Time to get my entry in for this month’s Royal Foodie Joust. I have been a little slack and haven’t had a chance to get involved in the last few months (sorry Jenn!). If this is the first time you’re reading this, head on over, register and get ready to do recipe “battle” with a bunch of keen food bloggers all ready to experiment with the latest months ingredients. Speaking of, the winner of last months Joust, Eating Club Vancouver, chose coffee, balck peppercorns and honey. I didn’t really have to time to think about it but it had me stumped!
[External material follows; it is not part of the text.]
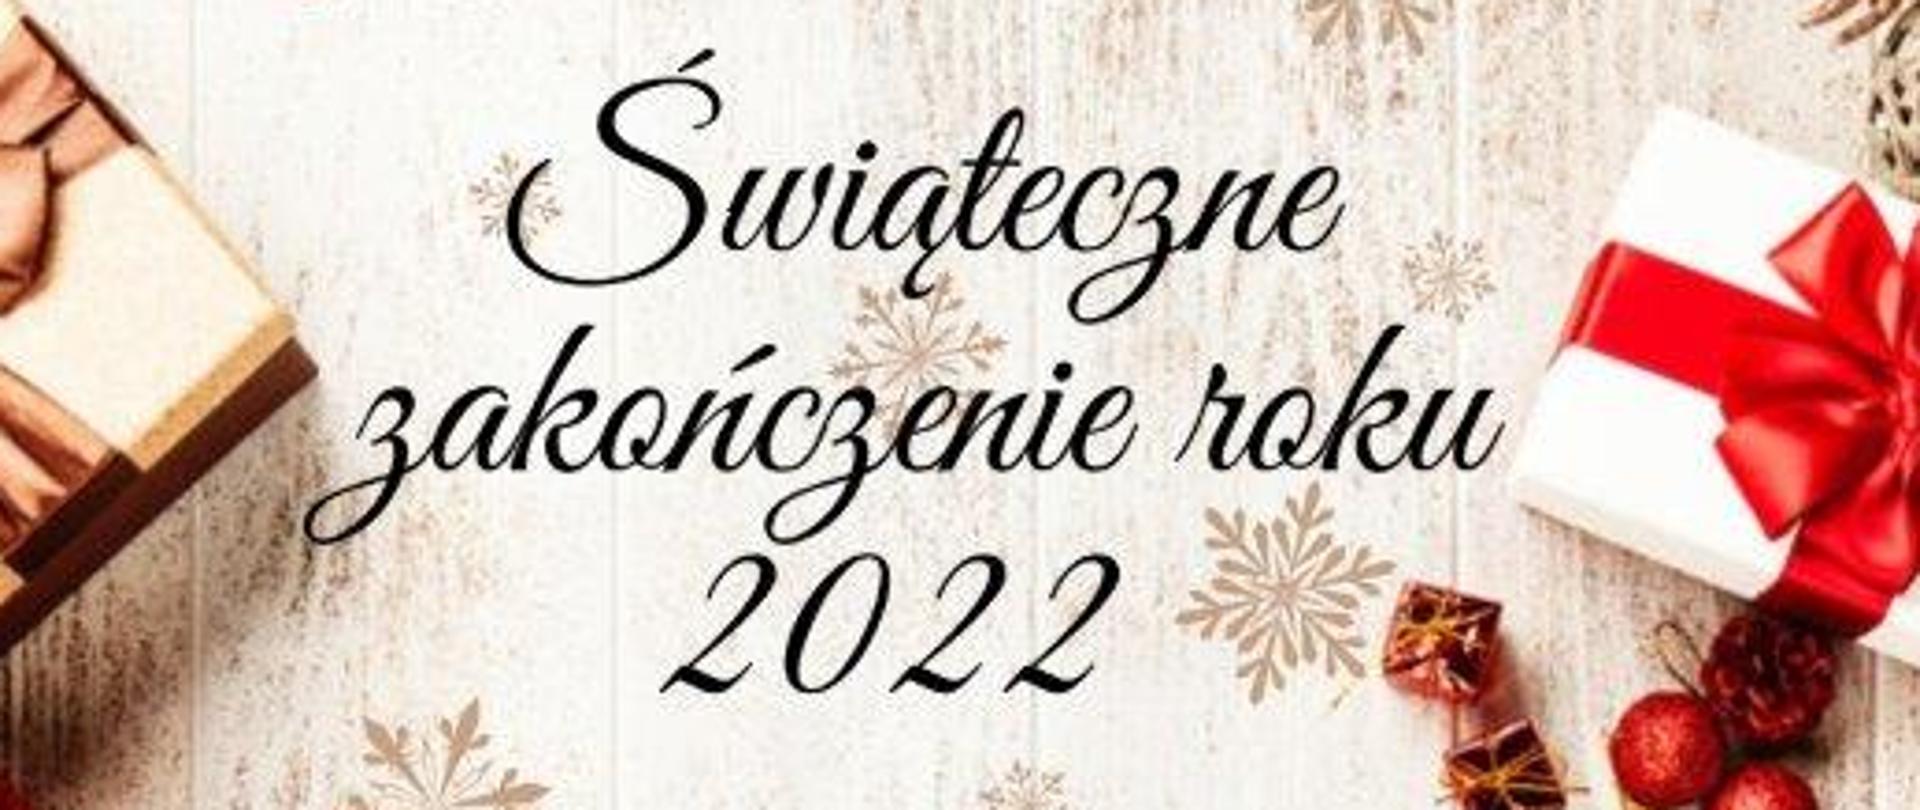 Plakat informujący o popisie klasy fortepianu p. Pauliny Kukuczki w dniu 20 grudnia 2022 r. o godz.: 17:00. W tle zdjęcie ze świątecznymi elementami: śnieżynki, gwiazdki, stroiki świąteczne.

After a bit of research I came across a very “different” recipe for baklava. The original recipe, which I altered slightly, can be found here. Baklava or “baklavas” as we say in Greek, is that famous, very sweet dessert found throughout Greece, Turkey, Lebanon and various parts of the Middle East. It’s basically buttered layers of filo pastry, mixed with nuts and spices and has a sugar or honey based syrup poured over it. It’s sticky, sweet and quite delicious. There are many variations of this recipe and each country has their signature way of producing it. The Greek method incorporates walnuts, honey and cinnamon. The Lebanese version (the one I buy here in Australia) uses pistachios and a sugar syrup.
I was intrigued because this recipe utilised coffee in the syrup, flavoured with cardamom and cinnamon. Perfect for this months Joust ingredients! The only “tricky” part were the black peppercorns and I had a hard time incorporating them. Finally, I decided to let them soak in the syrup and then removed them before using it. I thought they may have added a slight peppery warmth to the syrup but I could barely detect it. Oh well! At least I tried! The other variation I made was to use a mixture of walnuts, pecans and pistachios. Although this recipe isn’t authentic as such, I couldn’t resist the flavours. They all married perfectly. The coffee was not at all overpowering and actually complemented the honey. The cardamom was subtle and the cinnamon gave it that perfect “spiciness”. So I present to you, “Baklavas with a coffee and honey syrup flavoured with cardamom and cinnamon”.
- 1 packet of store bought filo pastry
- 50 grams of melted butter for brushing the filo
- 1 cup of espresso coffee
- 1 cup of sugar
- 1/2 a cup of honey
- 1 tbsp of black peppercorns
- 200 grams of shelled walnuts
- 100 grams of shelled pistachios
- 100 grams of pecans
- 1/2 a teaspoon of ground cardamom
- 1-1/2 teaspoons of ground cinnamon
- Pre heat your oven to 160 deg C. I used a 20cm x 10cm baking dish which was perfect for this recipe.
- Make the syrup by placing the coffee, honey and sugar in a saucepan and let it simmer for 5-10 mins till the sugar dissolves and the mixture slightly thickens. Add the peppercorns, remove form heat and set aside.
- Place the nuts in a food processor and give them a good whizz till everything becomes finely chopped. transfer to a bowl, add the spices and half of the coffee syrup (make sure that no peppercorns make their way into this). Stir everything together and resist trying to eat this!
- Now, the TRICKY PART. Filo is very thin and delicate so make sure when you remove it that you cover it with a damp cloth as this will prevent the pastry from drying out. What is the perfect amount for baklavas? Well, that’s the $64,000 question! Every recipe I looked said something different. I don’t think it really matters. I used 10 pieces of filo pastry (carefully cut to match my baking dish) for each layer.
- BRUSH each layer with the melted butter and add them one by one to the bottom of the greased pan. Add half the nut mixture an spread it quite evenly. REPEAT once more to construct the next layer finishing up with the filo on the top. Give this a good brush with the melted butter and score the baklava diagonally creating a diamond pattern.
- Cook in the oven for about 45 mins -1 hour (mine took 50 mins)
- Let it cool for a few mins and then pour the remainder of the syrup over it, making sure to discard the peppercorns. Let it soak for a good 2 hours but it’s preferable to leave it longer, before you enjoy it. Indulge with a glass of muscat!